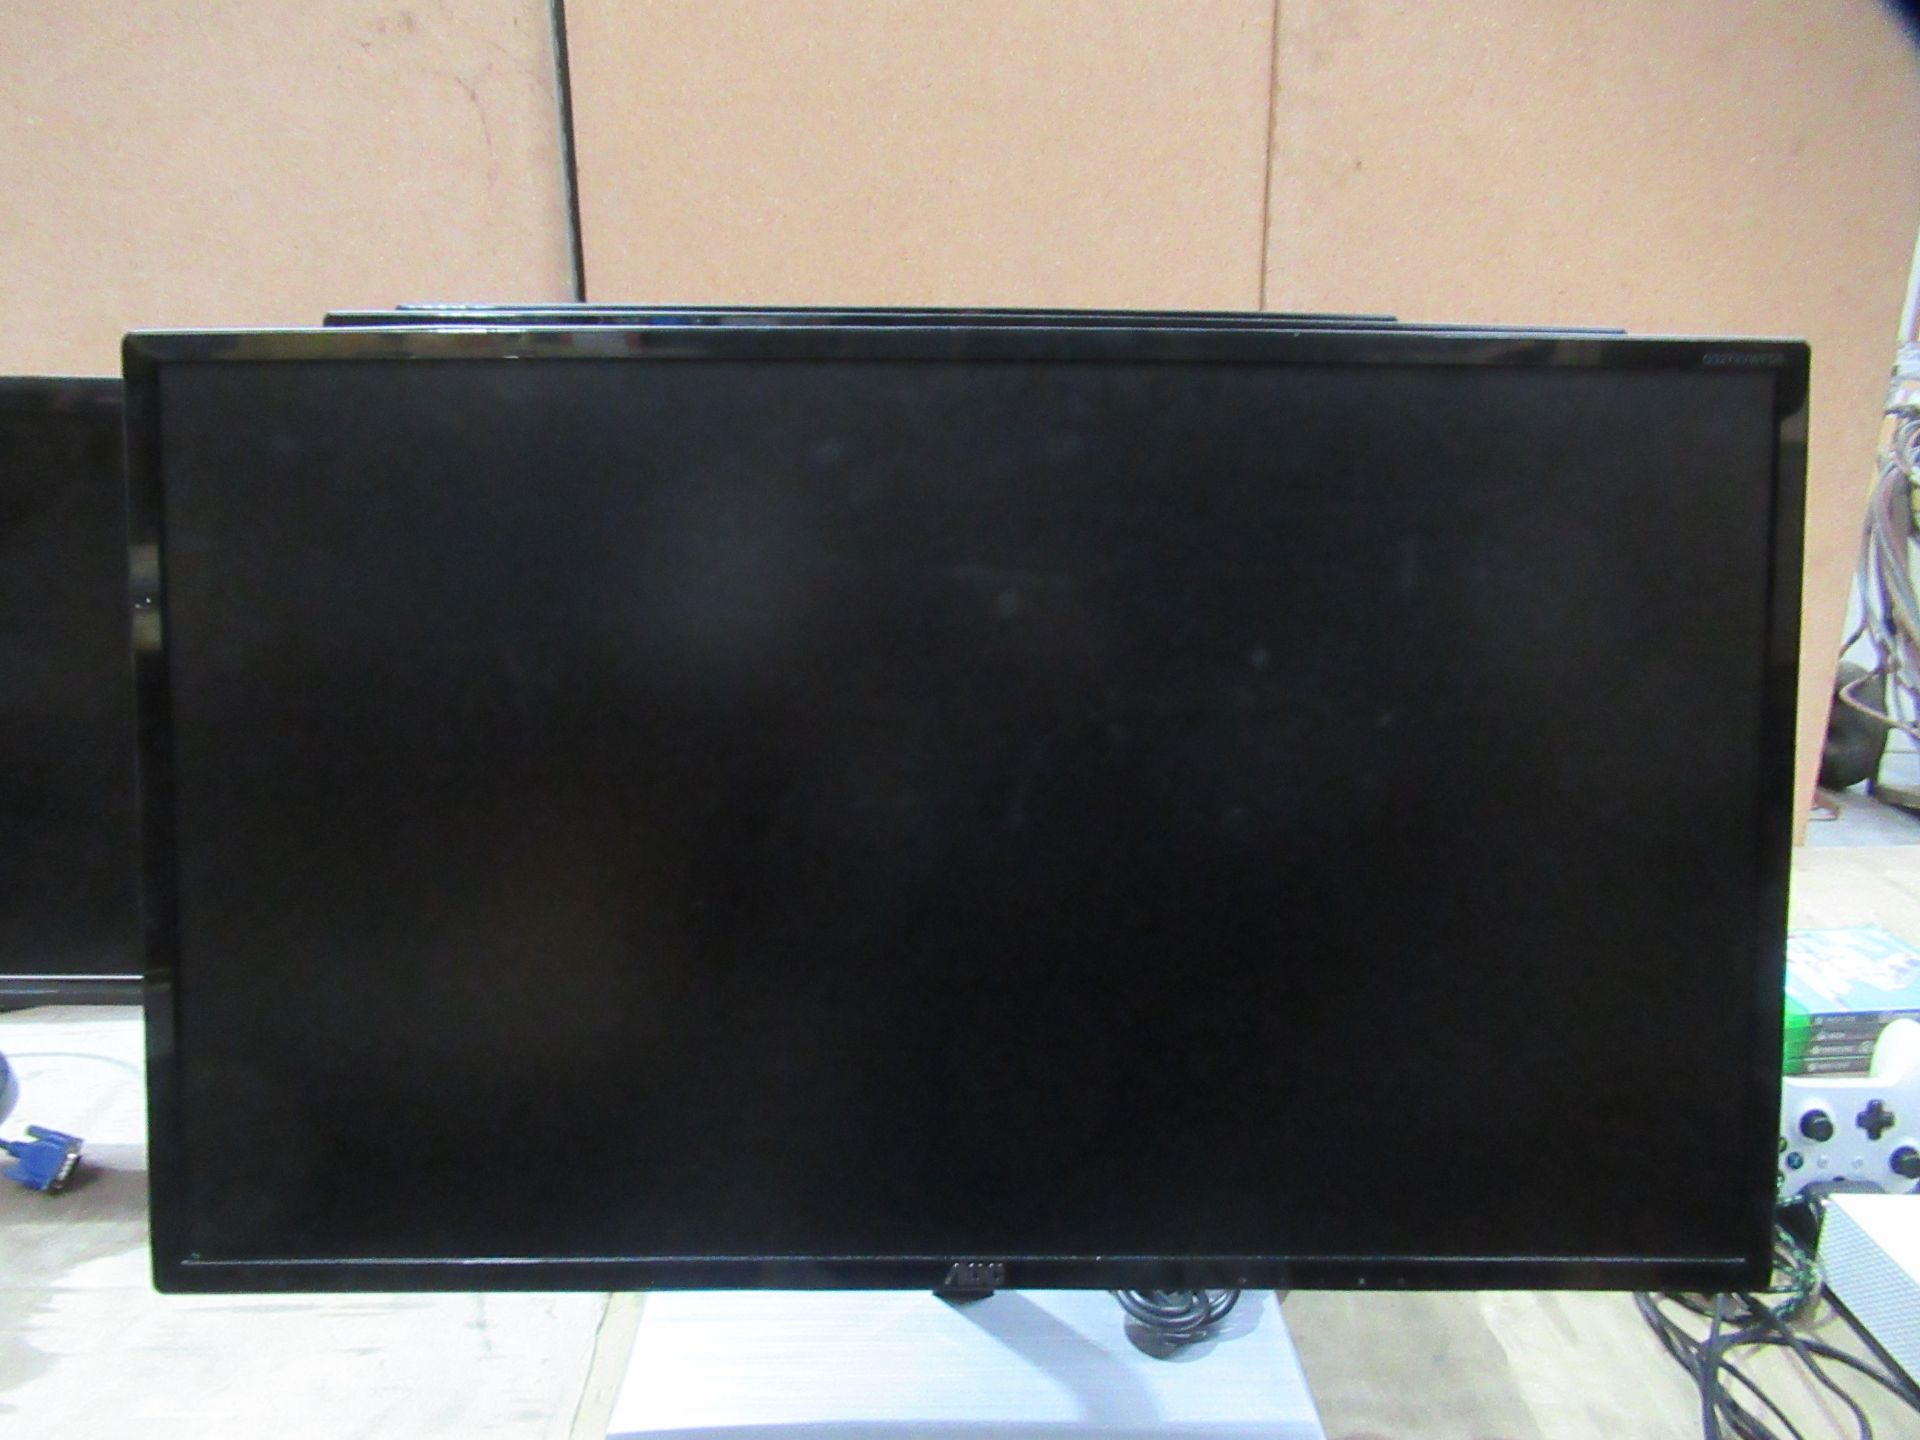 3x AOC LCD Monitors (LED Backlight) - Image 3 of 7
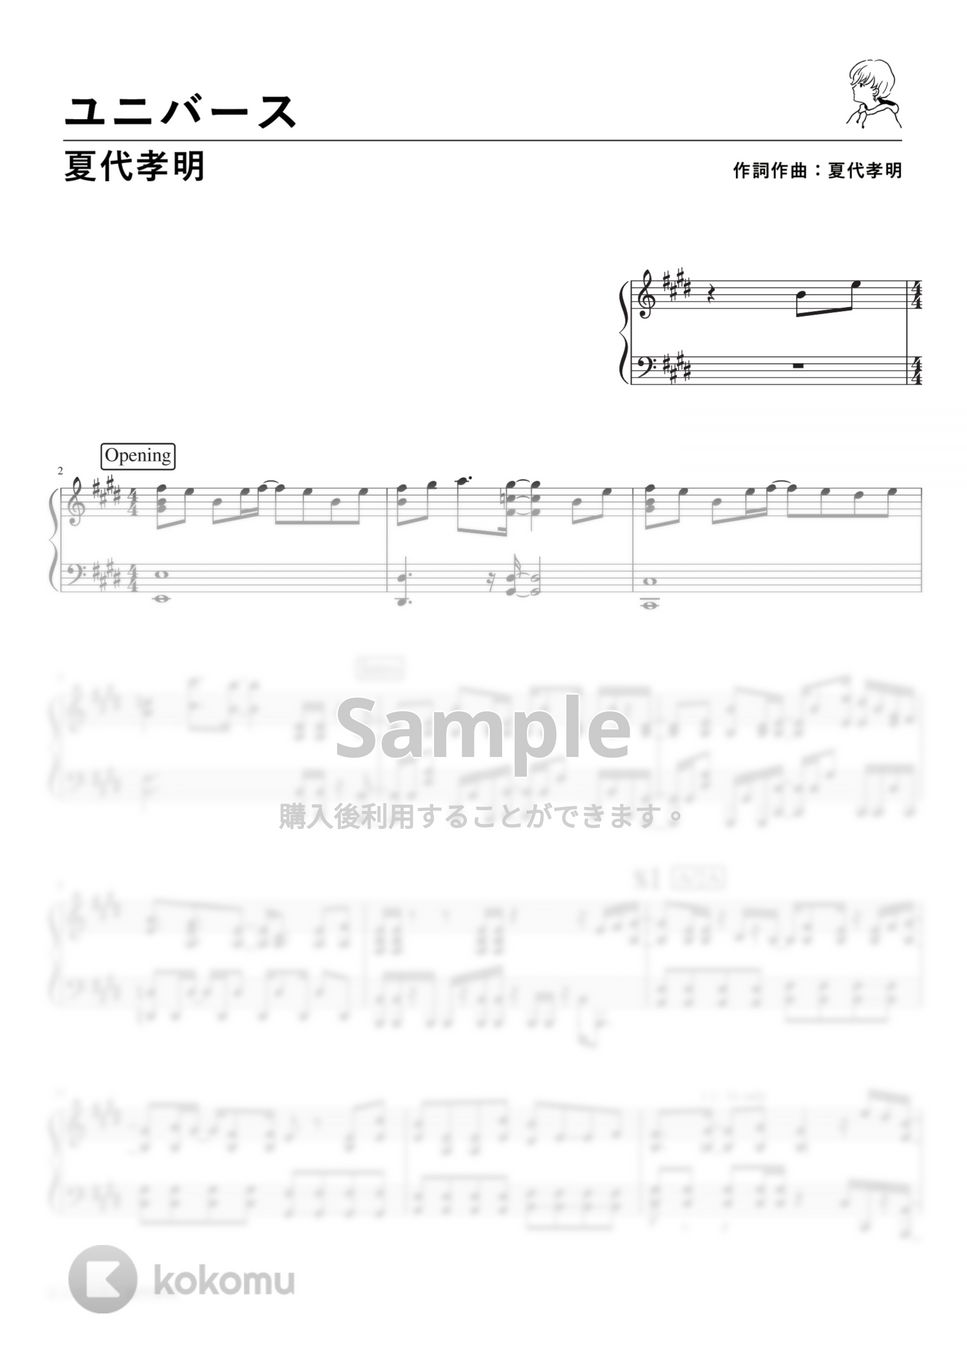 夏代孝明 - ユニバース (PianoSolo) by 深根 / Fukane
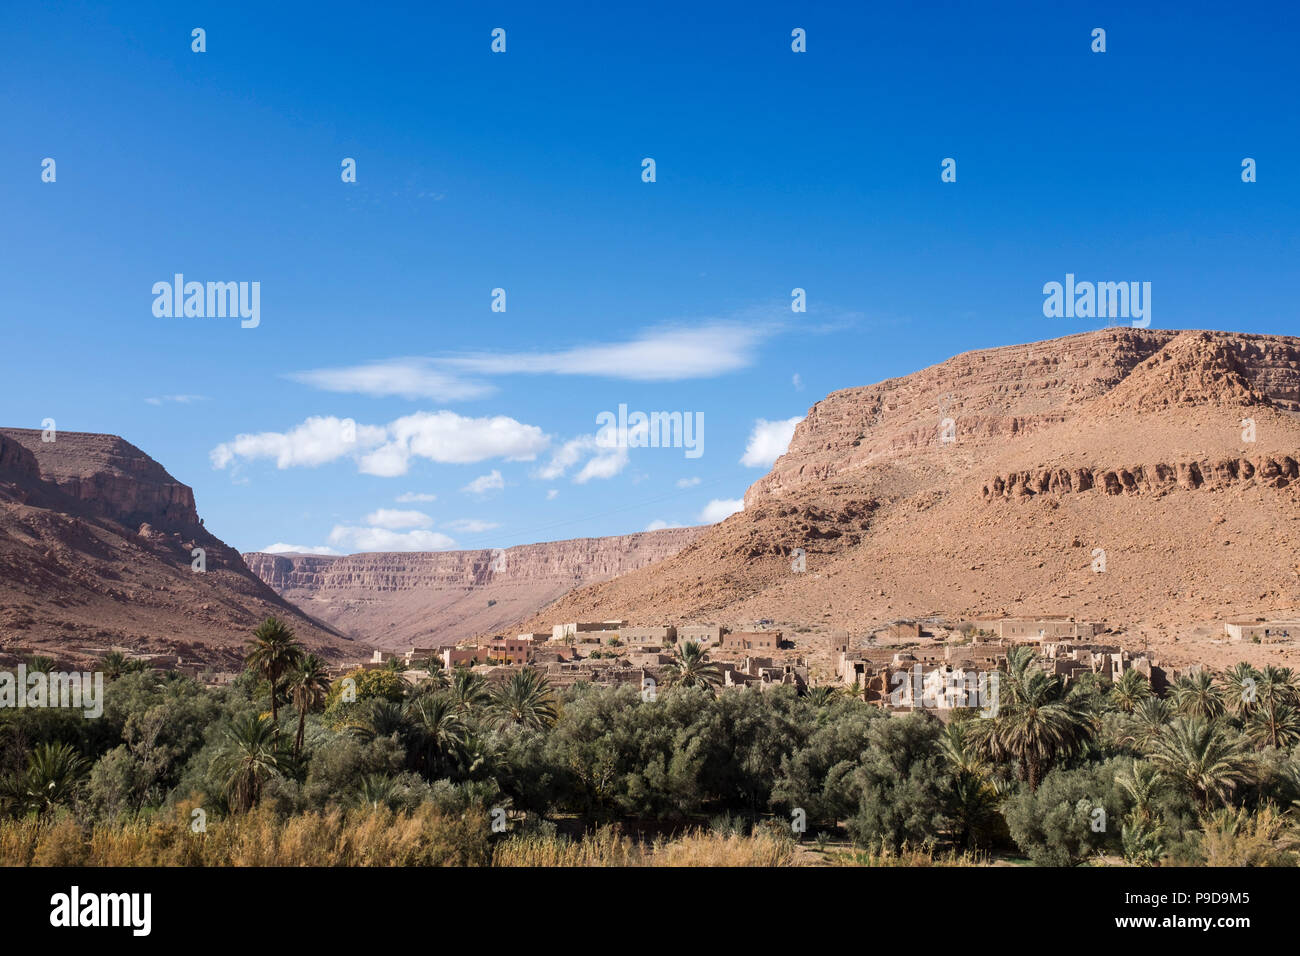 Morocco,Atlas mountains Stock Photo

- DESCRIPTION OF THE TASK: When copying the listing, print each line exactly but leave out every picture.

- EXERCISE OUTPUT:
 3x AOC LCD Monitors (LED Backlight) - Image 3 of 7
 夏代孝明 - ユニバース (PianoSolo) by 深根 / Fukane
 Morocco,Atlas mountains Stock Photo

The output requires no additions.